By Darren Hunt, DHuntabc7@yahoo.com
Published On: Oct 07 2013 06:43:16 PM CDT
Updated On: Jan 16 2014 04:53:01 PM CST
EL PASO, Texas -

The El Paso Police Department has another 38 officers on the streets, including one who is a fourth-generation Sun City police officer.

When 24-year-old Dominic Morales decided he wanted to become an El Paso Police officer he had to look no further than his stepfather, EPPD officer Slade Davis, for advice. But for Morales, the love of law enforcement stretches all the way back to his great grandfather.

First they were sworn in and they they received their diplomas. With his stepfather looking on, Morales became the fourth generation in his family on the force.
"It's the greatest achievement of my life," Morales said.

In addition to his stepfather, Morales' great grandfather, Ignacio Estorga, was a captain in the El Paso Police Department during the 1970's and his grandfather, Tony Frescas, was a patrol officer during the 1980's.

"It's an honor carrying on the family tradition, especially stretching from captain all the way down to patrolman," Morales said. "This is my journey to start."

Davis, an officer since the 1990's, said "words can't describe how proud I am.(Dominic) has been wanting to follow this route since he was a young boy.

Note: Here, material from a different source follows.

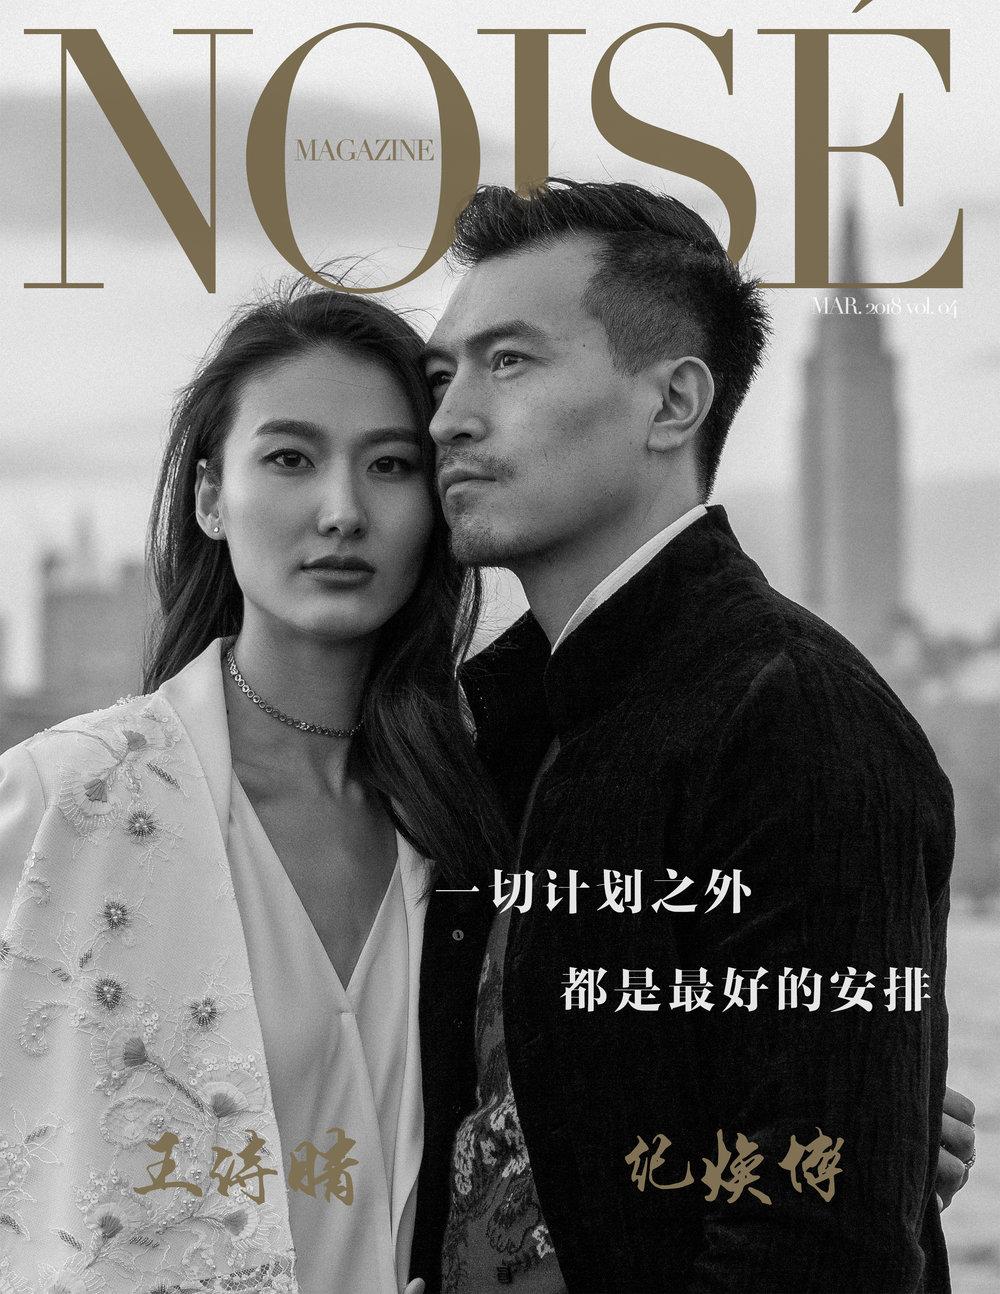 vol.03 王诗晴 纪焕博 Cover.jpg

When he was two years old, he was practicing some of the moves I was making when I was in the academy back in 1992."

Davis said the academy is a lot different two decades later.

"My academy was four months and his is seven months," he said. "There's been more procedural changes, more training, courtroom laws, driving, shooting, hands on. In four months, we learned a lot. But in seven months, they learned a lot more."

Davis said the biggest difference is the technology now available.

"There's been a lot more equipment that's been added," he said. "My utility belt has a lot less than what his has now. So there's a lot more training."

Academy graduate Carlos Mendez is also walking in his father's footsteps. His dad, Ruben "Tremendous" Mendez, a 27-year veteran, went through the academy in 1980.

"Technology-wise, we had radios that sometimes worked, sometimes did not work," Ruben Mendez said. "We only had back then two channels, now they must have 6 or 7 channels and computers in their cars. When I left, they were barely being installed."

Among the 38 graduates of the police academy were eight women. The total number of officers on the force is now 1,073.

Until 2008, officers had to spend 20 years on the force and work until the age of 45 to receive their full pension. That has increased, however, to 25 years on the force and a retirement age of 50, meaning it will take Morales and Mendez until the year 2039 to get to that point.